Low inflammation and stress optimizes physiological systems, and a resonance with someone's environment can lead to "flow" or a sense of timelessness. In opposition to this, we have an attachment to outcome, but at the same time, the healthy human organism has a preference for order, structure and meaning in its environment.

I often come back to Ecclesiastes 2:24 as my secondly-favored passage in the Bible, and I thought I'd share it here.

Toil Is Meaningless

17 So I hated life, because the work that is done under the sun was grievous to me. All of it is meaningless, a chasing after the wind. 18 I hated all the things I had toiled for under the sun, because I must leave them to the one who comes after me. 19 And who knows whether that person will be wise or foolish? Yet they will have control over all the fruit of my toil into which I have poured my effort and skill under the sun. This too is meaningless. 20 So my heart began to despair over all my toilsome labor under the sun. 21 For a person may labor with wisdom, knowledge and skill, and then they must leave all they own to another who has not toiled for it. This too is meaningless and a great misfortune. 22 What do people get for all the toil and anxious striving with which they labor under the sun? 23 All their days their work is grief and pain; even at night their minds do not rest. This too is meaningless.
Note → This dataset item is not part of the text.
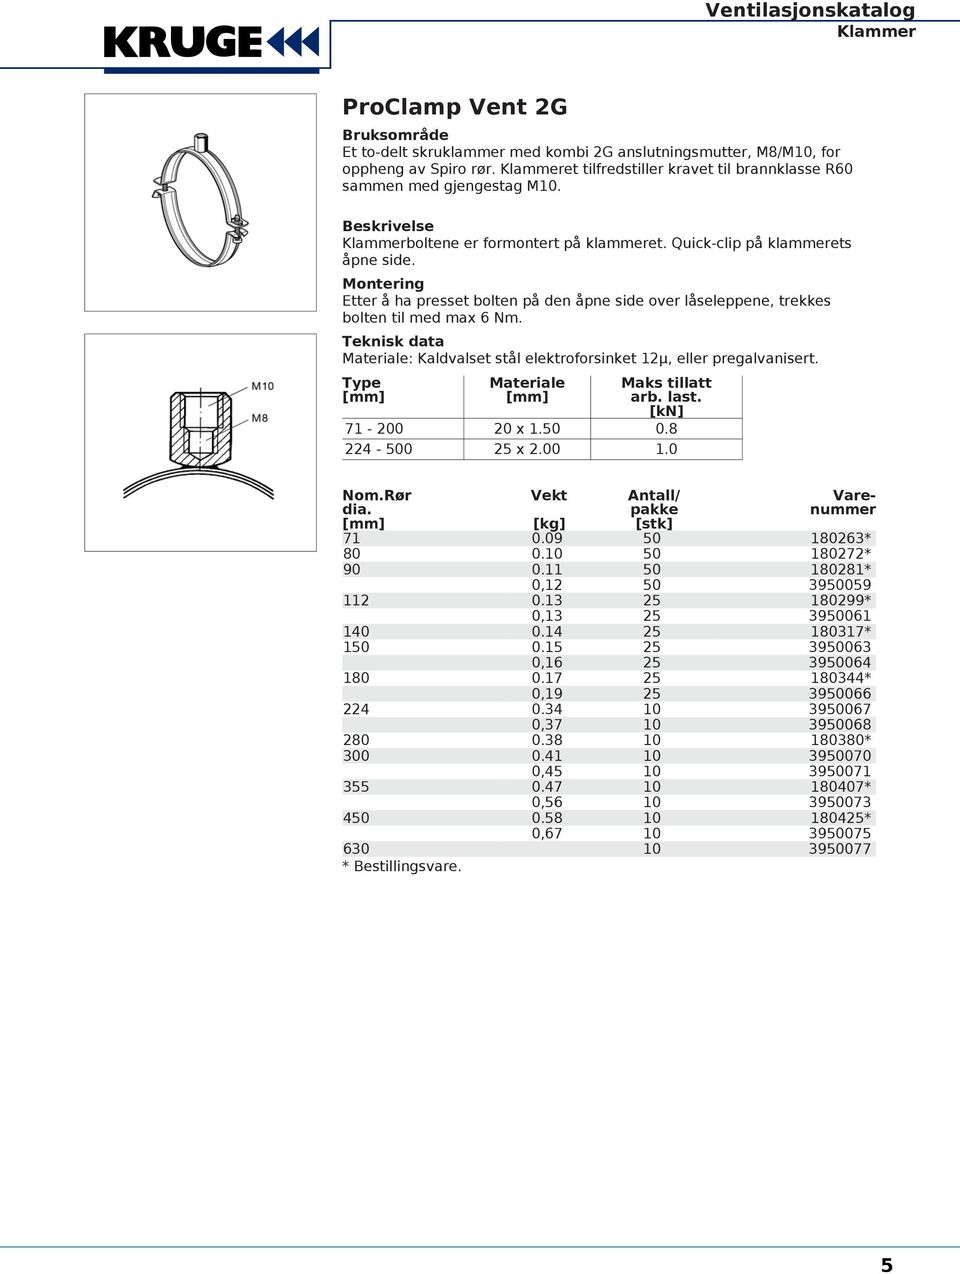 Teknisk data Materiale: Kaldvalset stål elektroforsinket 12µ, eller pregalvanisert. Type Materiale Maks tillatt arb. last. [kn] 71-200 20 x 1.50 0.8 224-500 25 x 2.00 1.0 Nom.Rør Vekt Antall/ dia.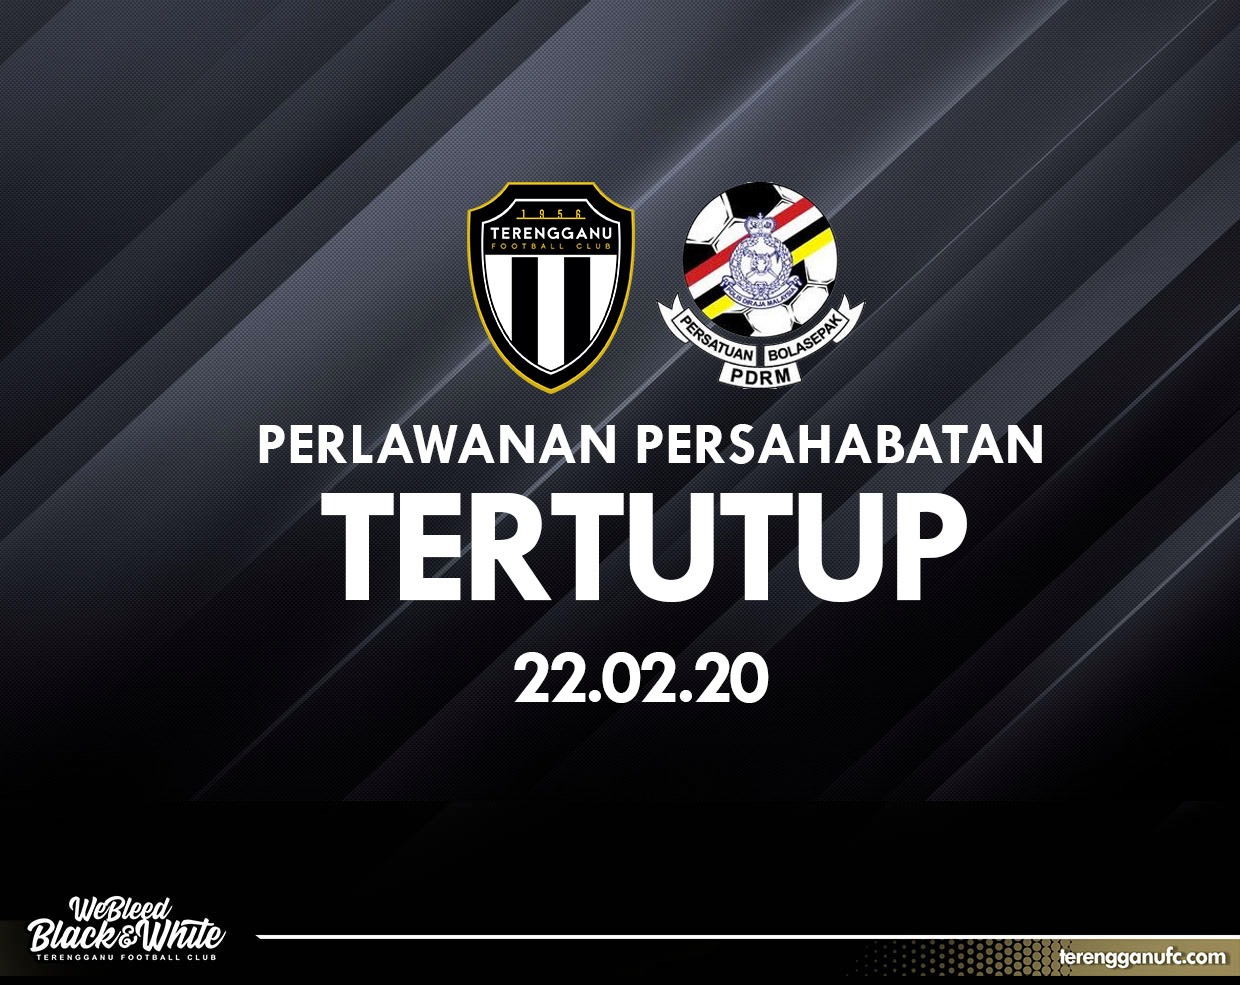 Terengganu FC PDRM Perlawanan Tertutup Pra-Musim 2020

24 A person can do nothing better than to eat and drink and find satisfaction in their own toil. This too, I see, is from the hand of God, 25 for without him, who can eat or find enjoyment? 26 To the person who pleases him, God gives wisdom, knowledge and happiness, but to the sinner he gives the task of gathering and storing up wealth to hand it over to the one who pleases God. This too is meaningless, a chasing after the wind.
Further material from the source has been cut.